Markets Hit Record Highs, But How Confident Are You

Make sure your financial advisor and their firm accurately reflect your risk tolerance. With recent volatility and an 800 point market drop in the immediate aftermath of Brexit, just a few weeks later and it looks like nothing but a blip on the radar screen. Since the Brexit vote results were announced, we saw an approximate 800 pt. decline in the DOW, followed by an immediate rebound over the following weeks. At the same time, the yield on the 10-Year Treasury Note has reached historic lows, and as of July 13, 2016, the DOW and S&P 500 have both reached historic highs. Nations like Japan, Sweden and now Germany are fetching negative yields that’s right, you have to pay these nations to let them borrow your money, and many are predicting a recession for Britain as well as the EU.

So while many are reviewing their monthly account statements in the mail or online on their handy-dandy smartphones and tablets, are they truly comfortable with this market, and does their advisor and their firm truly know their risk tolerance Whether you’re a novice investor or well into retirement, chances are you (and your financial advisor) have never experienced an equity or fixed income market with this much volatility. You fixed income investors have probably already been stung by the oil, energy and gas sector meltdown, or you have found Puerto Rico municipal bonds or funds in your accounts which may be causing you additional angst.

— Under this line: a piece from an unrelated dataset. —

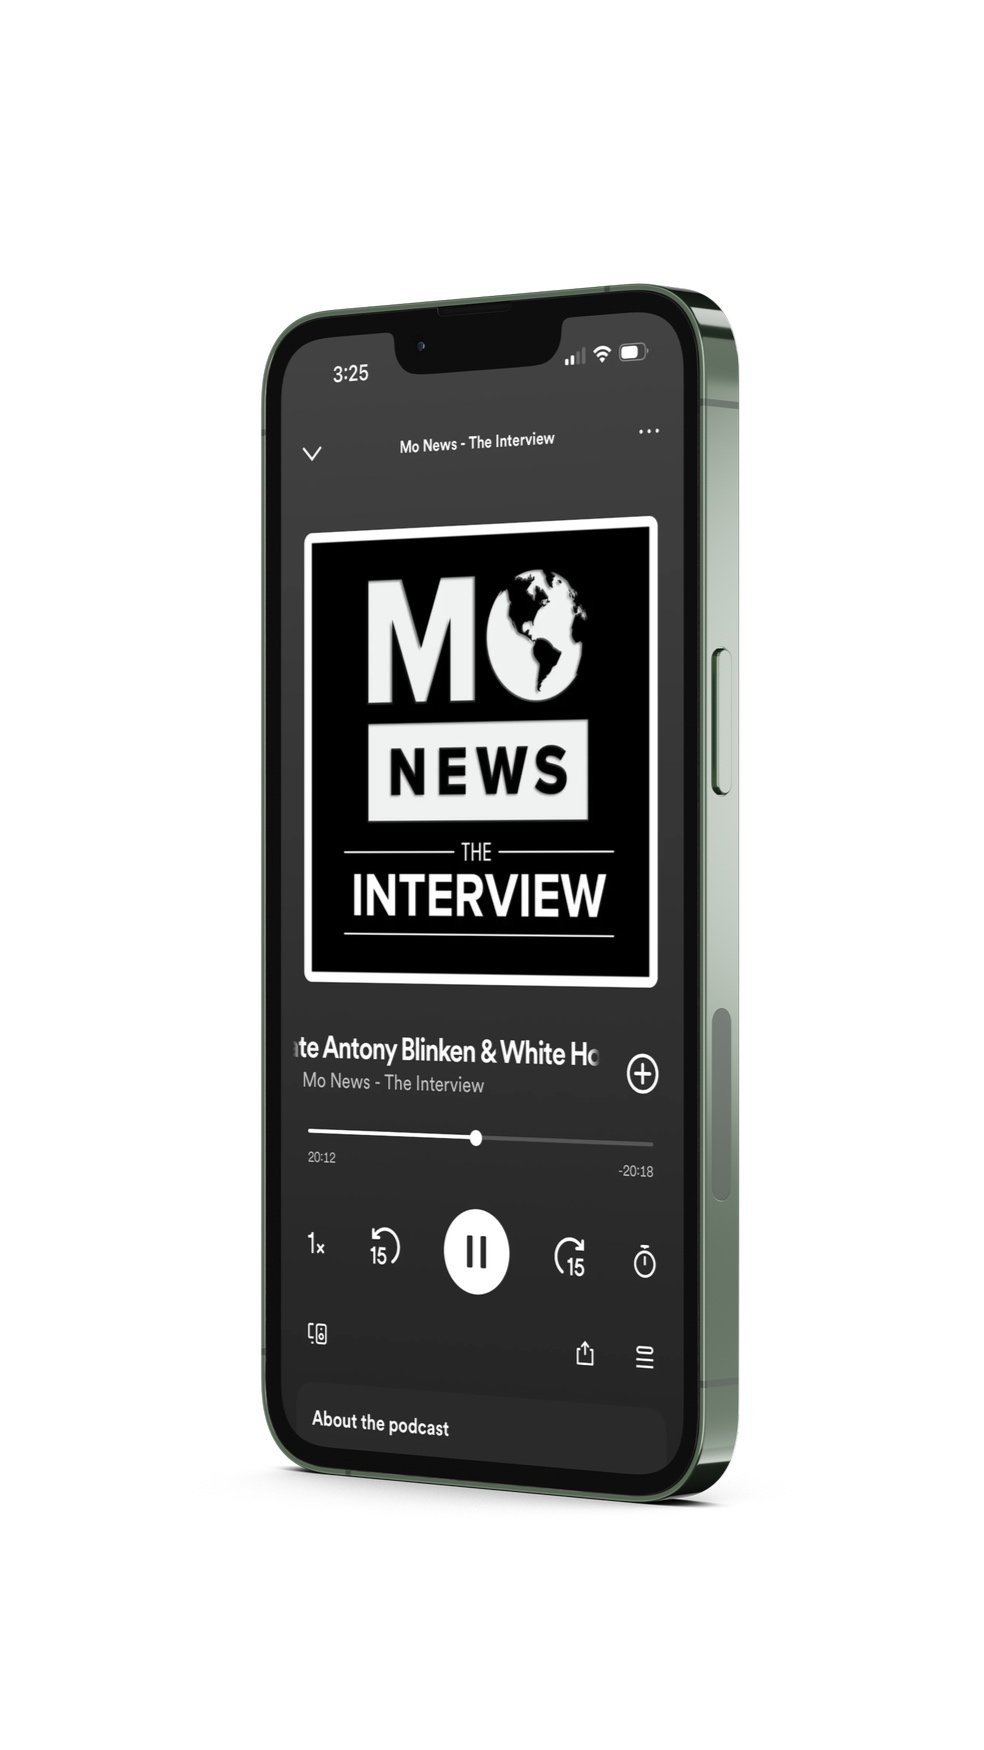 Mo News: The Interview Podcast

Given the global nature of markets, with so many moving and interrelated parts, it’s really unclear where we go from here. Many market forecasters and pundits paint a picture that investors (those that favor equities or fixed income) may be slowly reaching the top of that roller coaster, and the free-fall may be coming. For example, James Mackintosh wrote an article that appeared in the Wall Street Journal this morning (July 14, 2016), titled The Bull Is on Its Last Legs, suggesting that there is a bond bubble that may soon burst. Prior to that, the Wall Street Journal has recently published articles suggesting that the US domestic utility markets may also potentially be on the verge of a bubble, and that is referring to a sector that has been widely regarded in the past as a safe haven in the face of market volatility. We’ve already seen a big decline and a string of bankruptcy filings in the oil and gas industries, and also in coal and throughout the energy sector.

If you’re not comfortable with what lies ahead, develop a plan and speak with your financial advisor, and be sure that your account records accurately reflects your true risk tolerance. Understand that a financial advisor’s recommendation to hold, or just stay the course, etc. is still investment advice, and it can constitute a recommendation. You should be aware of the legal and regulatory landscape that actually governs your financial advisor’s conduct in other words, are they salespeople required to make suitable recommendations, or are they held to a higher fiduciary standard where they are actually required to place your interests ahead of their own and their firm’s interests Financial advisors, when rendering investment advice, need to consider your age, investment experience, financial situation, investment objectives, tax status, time horizon and risk tolerance. If you’re getting the stay the course, don’t worry routine, but you are uncomfortable, you need to ask yourself whether your financial advisor is really placing your best interests ahead of their own (or their firm’s interests) and make certain they are taking all of these items to heart when making any recommendations to you. This market is likely to turn at some point the cycle will change in the other direction, and the tide will go out. In the words of Warren Buffett, you only know who is swimming without pants when the tide goes out.